How to determine $f(x)$ and $g(x) $for area between curves?

Question

So if I'm trying to figure out the area between two curves, I understand that the formula is: $$\int f(x)-g(x) \mathsf dx.$$

But without them telling me which is $f(x)$ and $g(x)$, how do I tell which function is being subtracted and which is being subtracted from?
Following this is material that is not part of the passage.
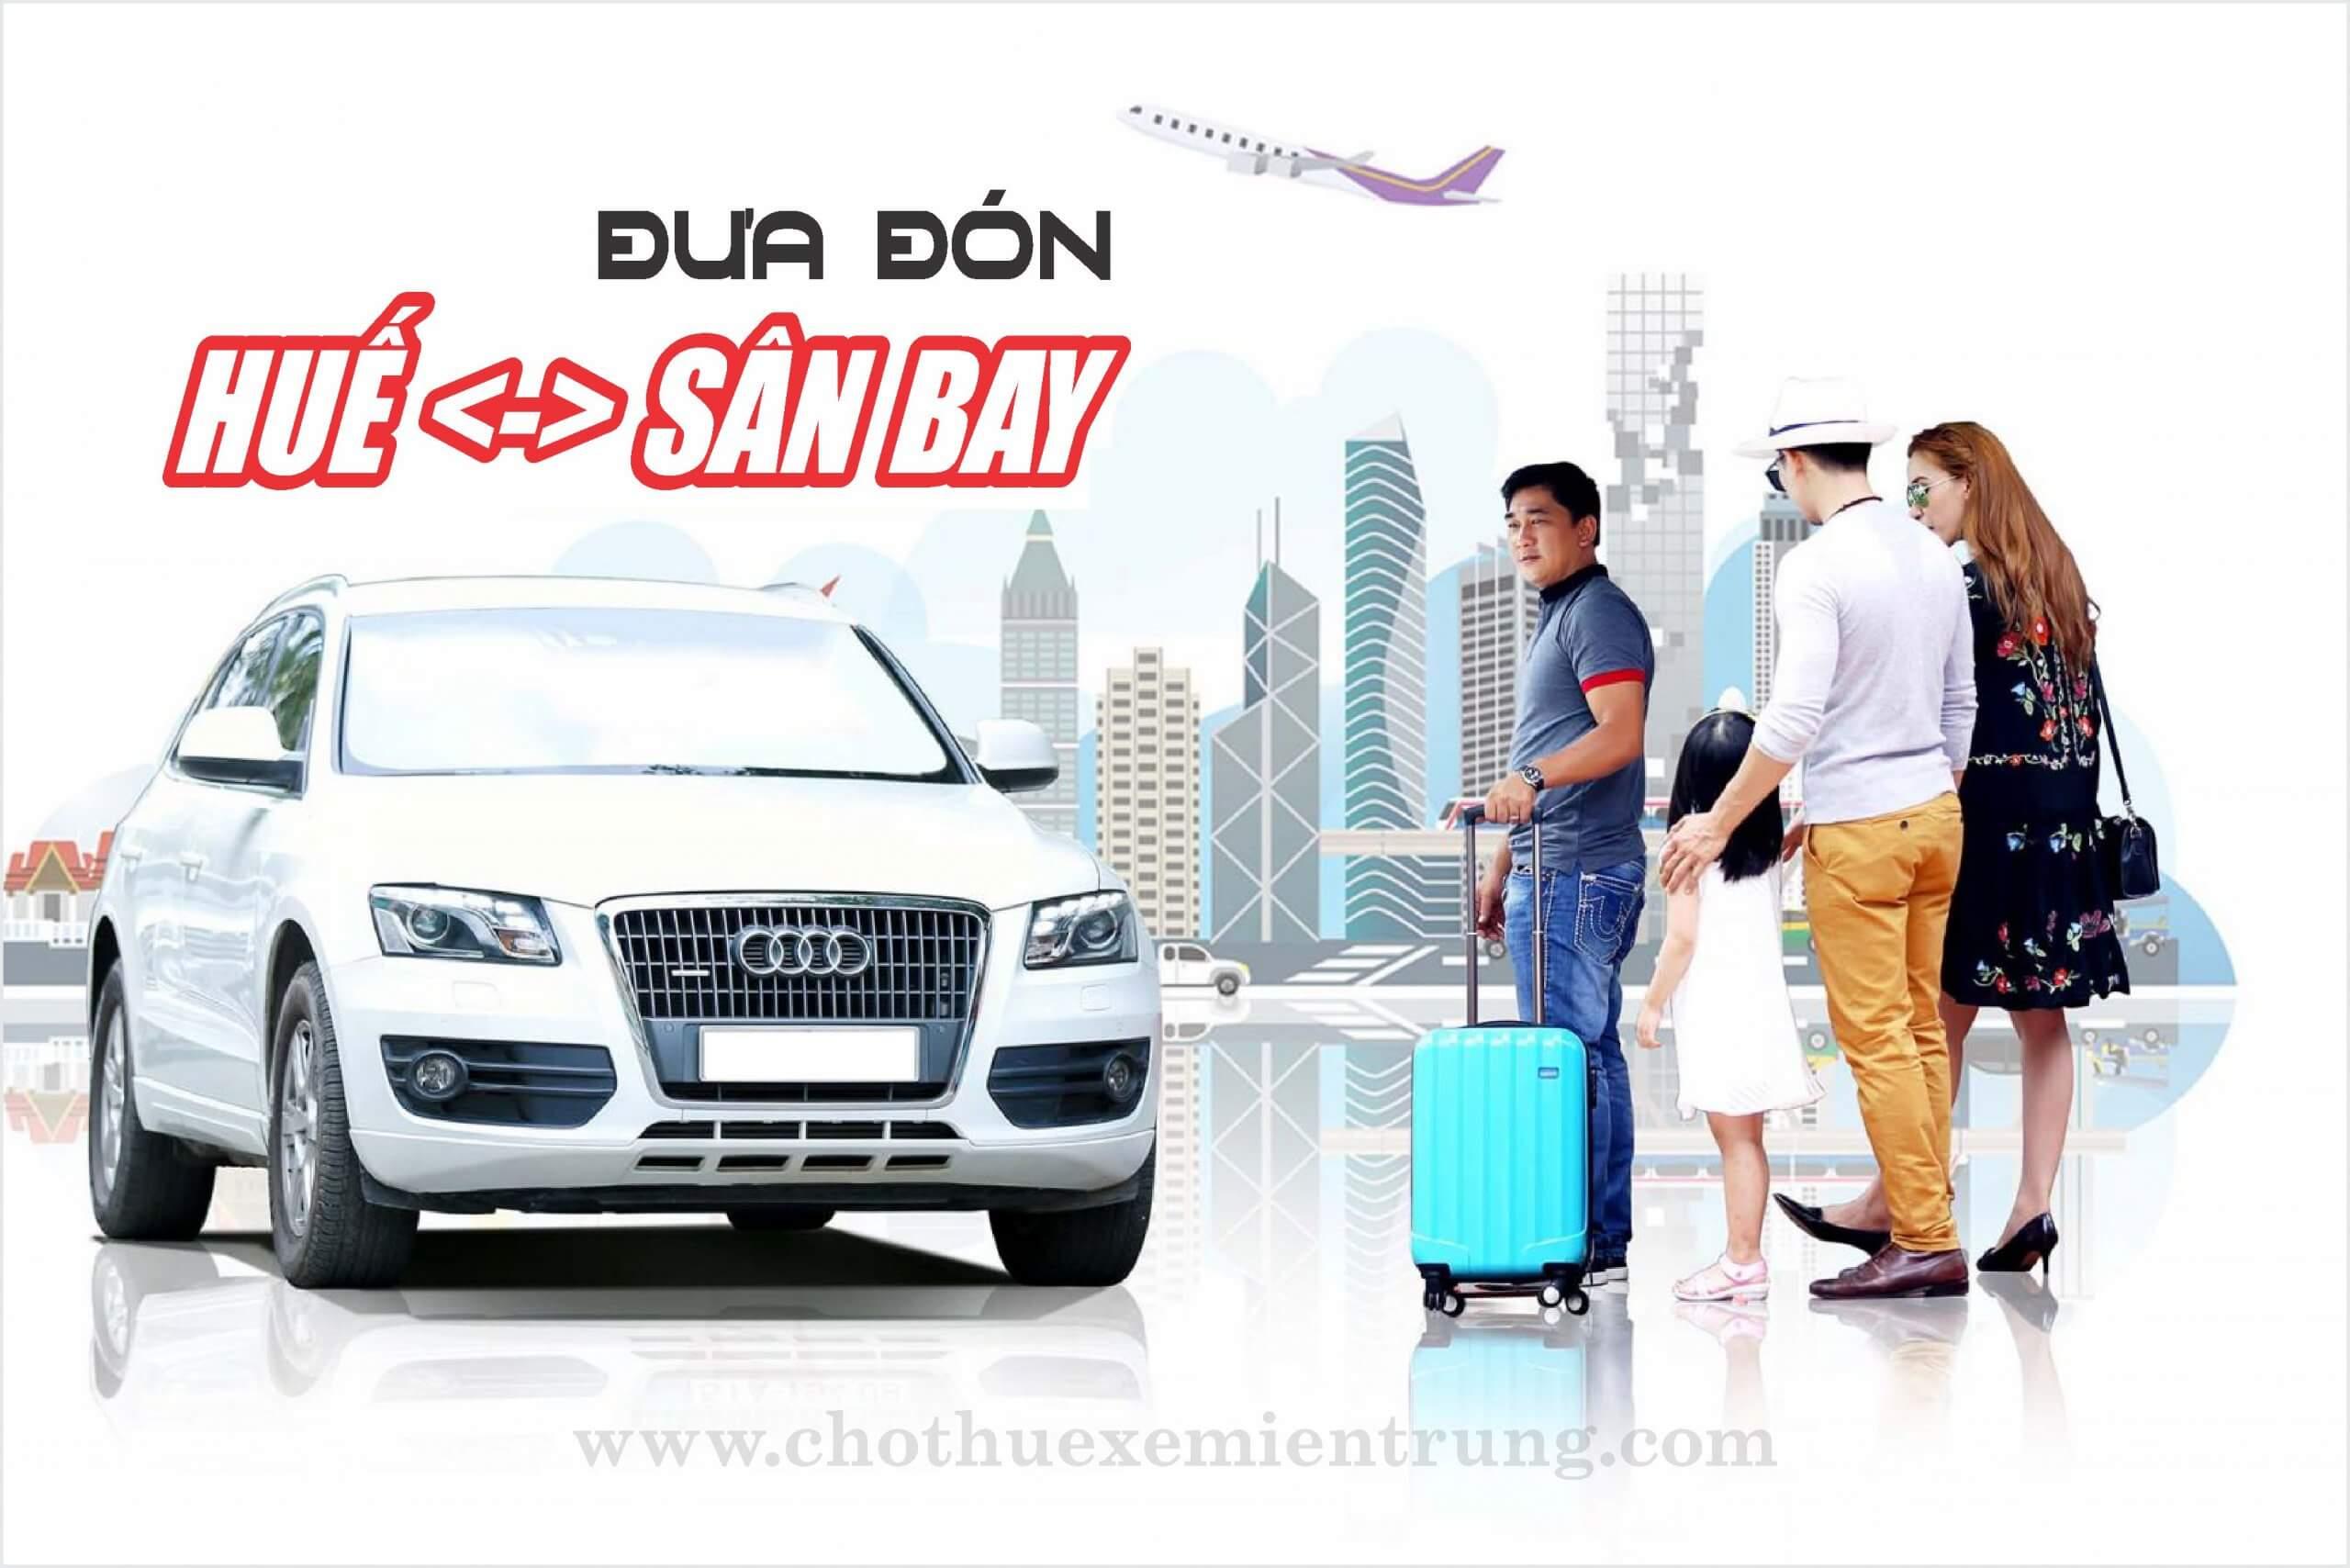 Thuê xe đưa đón sân bay Huế

For example I have the equations: $$x=2y^2$$ and $$x=4+y^2$$ In this case my textbooks shows that the second equation is $g(x)$ and the first is $f(x)$, but why?

Answer 1

An area should be a positive real number (or maybe $+\infty$). $\int f(x) - g(x) \mathrm{d}x$ denotes (a set of) antiderivatives. To fix that you need to do apply two modifications to you formula:

1. You need a start and an end point, let‘s call them $a$ and $b$. To qualify as these points they should fulfill $-\infty \le a \le b \le +\infty$.
2. You need to use the absolute value of the difference. This answers your question “how do I tell which function is being subtracted and which is being subtracted from“: $|f-g| = |g-f|$.

So the formula for the area between two curves from point $a$ to $b$ becomes

$$A = \int_a^b |f(x)-g(x)| \mathrm{d}x.$$

At last some notes:

1. $A = \infty$ is a possible result – and worse: The integral does not exist for all functions $f, g$. (You should require integrability of some kind here.)
2. It seems to be common notation to denote “area between two points” as “area between most left and most right intersection of the functions.”
3. To actually calculate the area, you may find the absolute value annoying. You (probably) can tell me an antidervative of $x^2-5x+3$, but what‘s an antidervative of $|x^2-5x+3|$? One way to get around this is to calculate intersection points of the functions, splitting $[a,b]$ into smaller intervals where one function is larger (or equal) than the other one. (Other answers focus just on this point, and while the information could be enough for you to solve exercises of this type, it might be a good idea to know why you do this.)

Answer 2

It essentially depends if $f\le g$ or $g\le f$ in your integration interval.

Answer 3

You first have to solve $f(x)=g(x)$ and there will be two solutions. Between those two values of $x$ figure out which function is greater.